Christina Tringides, 31, built a new type of electrocorticogram—a thin gadget that sits directly on the brain during an invasive procedure, like the removal of a tumor or tissue responsible for epilepsy, and records its electrical activity. These devices help surgeons determine what to remove and what to keep: If they are too aggressive with a tumor, for example, they might extract brain tissue that’s responsible for movement or speech.
Today’s versions consist of metal electrodes attached to a sheath of plastic. They are stiff, but the brain is soft; Tringides likens them to a spatula placed on top of tofu. “It doesn’t conform to the contours of the brain the way surgeons would like it to,” she says. That mismatch reduces the device’s accuracy and can damage underlying neurons.

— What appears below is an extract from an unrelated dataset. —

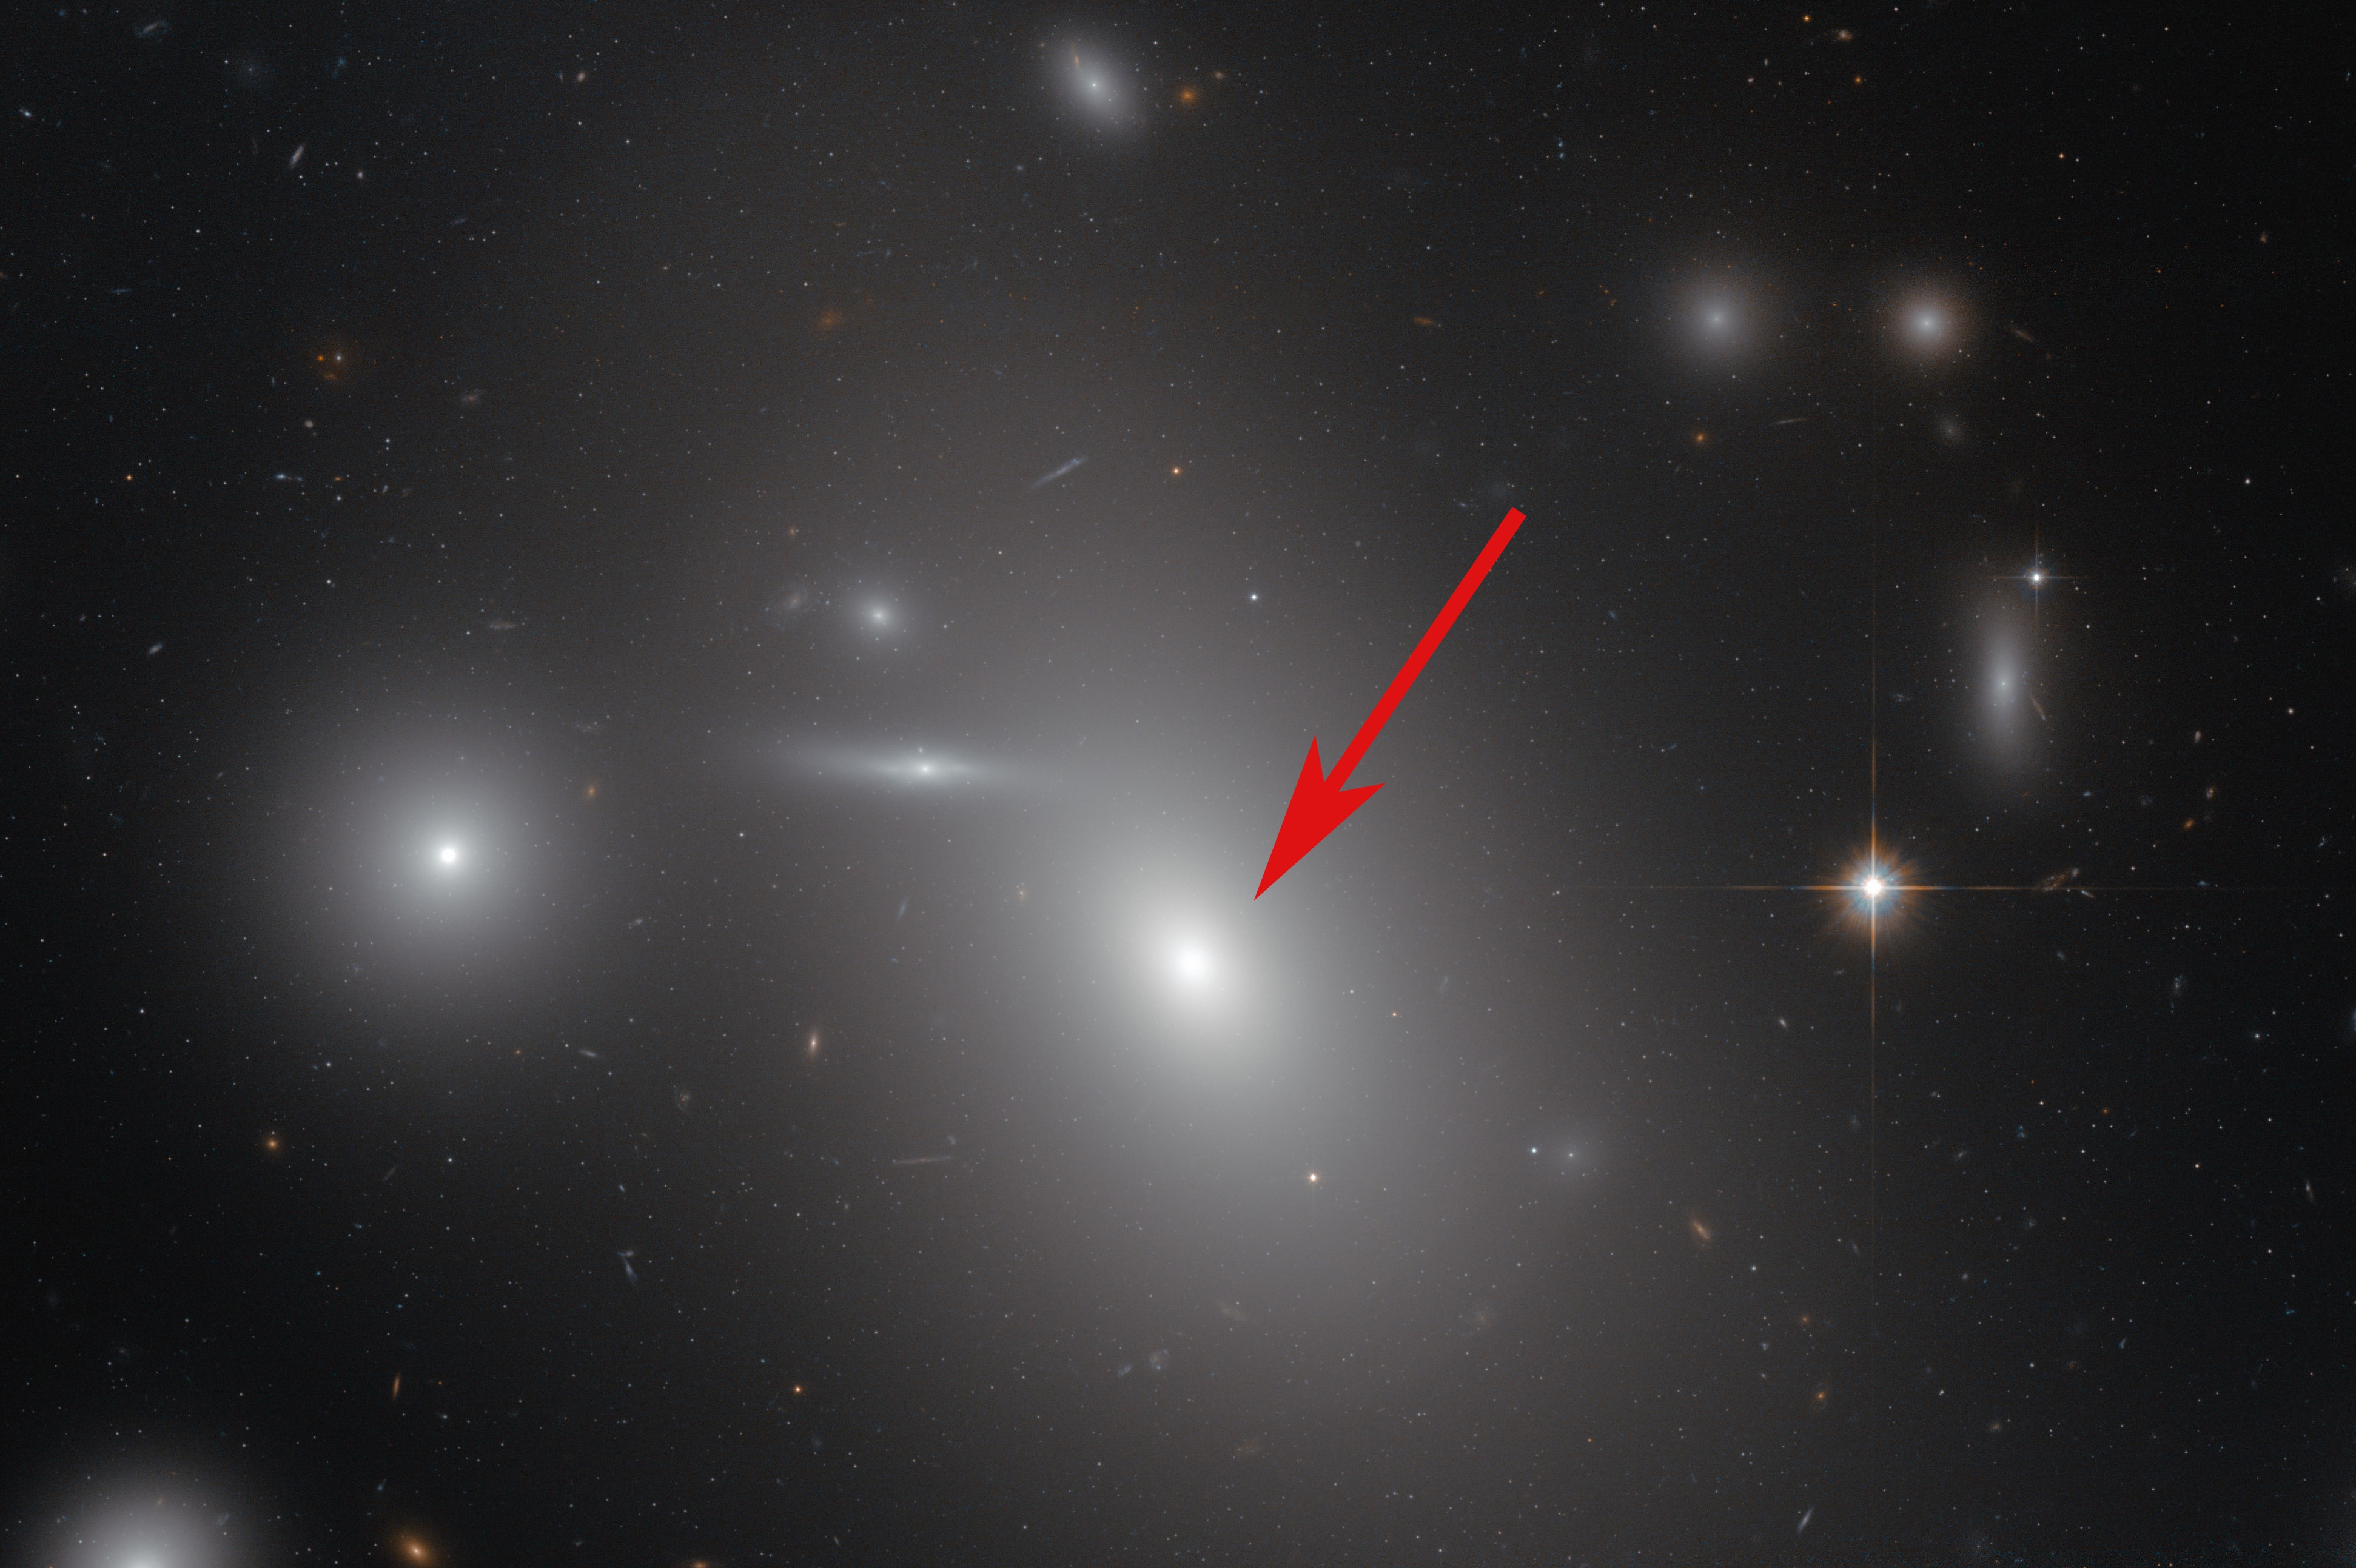 4 5 световых года. NGC 4889 Галактика. NGC 4889 черная дыра. Ic 1101 черная дыра. Звезда большого пса во сравнению ic 1101.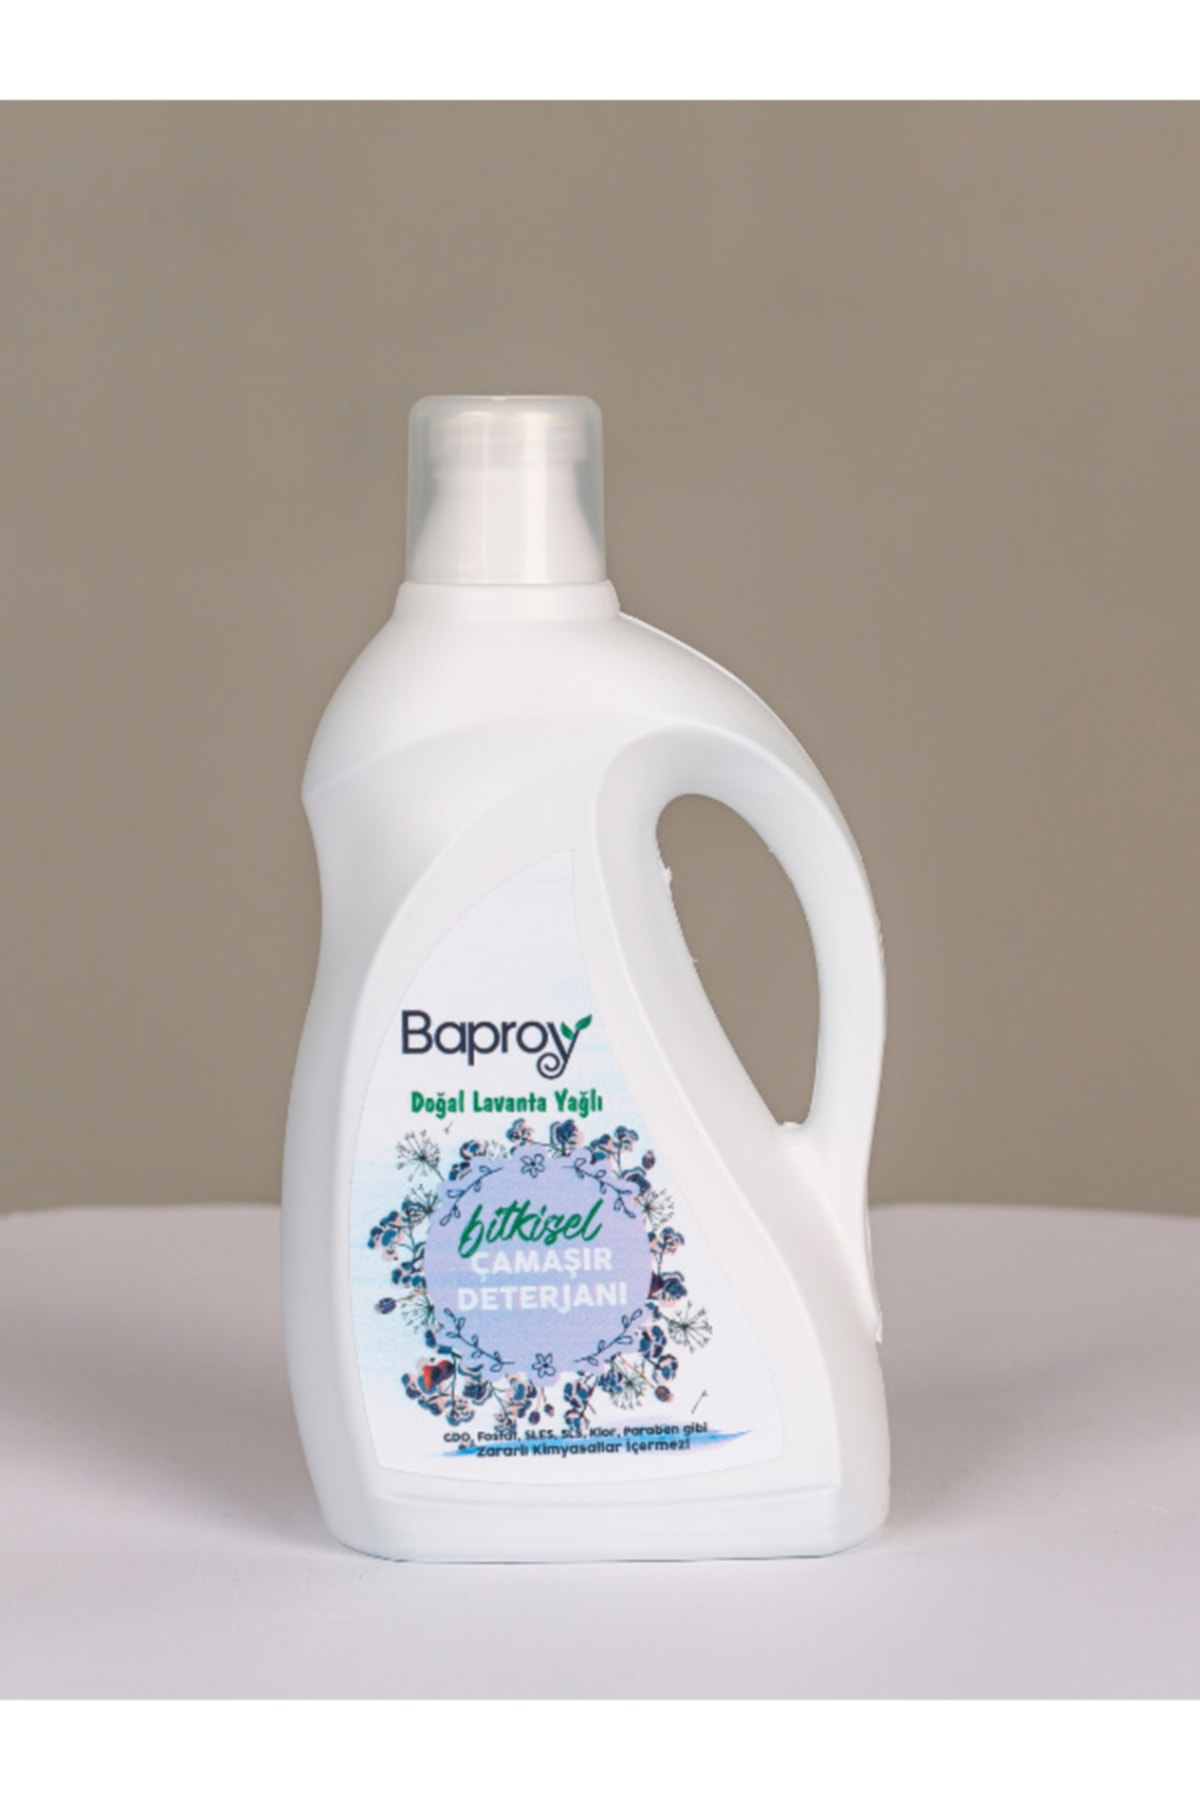 Baproy Bitkisel Çamaşır Deterjanı 1 lt Doğal Lavanta Yağlı 25 Yıkama Sensitive001

To improve the devices, Tringides turned to hydrogels, a class of polymers that, like the brain, exhibit properties of both liquids and solids. By tinkering with a hydrogel derived from alginate, a substance that naturally occurs in seaweed, she created a film that closely matches the brain’s mechanical properties and could thus adhere to its geometry in ways that current devices cannot. She then embedded spaghetti-like electrodes made from carbon nanotubes and flakes of graphene, a conductive form of carbon that can easily bend and flex, into the gadget. Her prototype has been used to record and map signals emitted by the brains of rats—including the hard-to-reach auditory cortex, responsible for hearing, which required it to bend more than 180 degrees.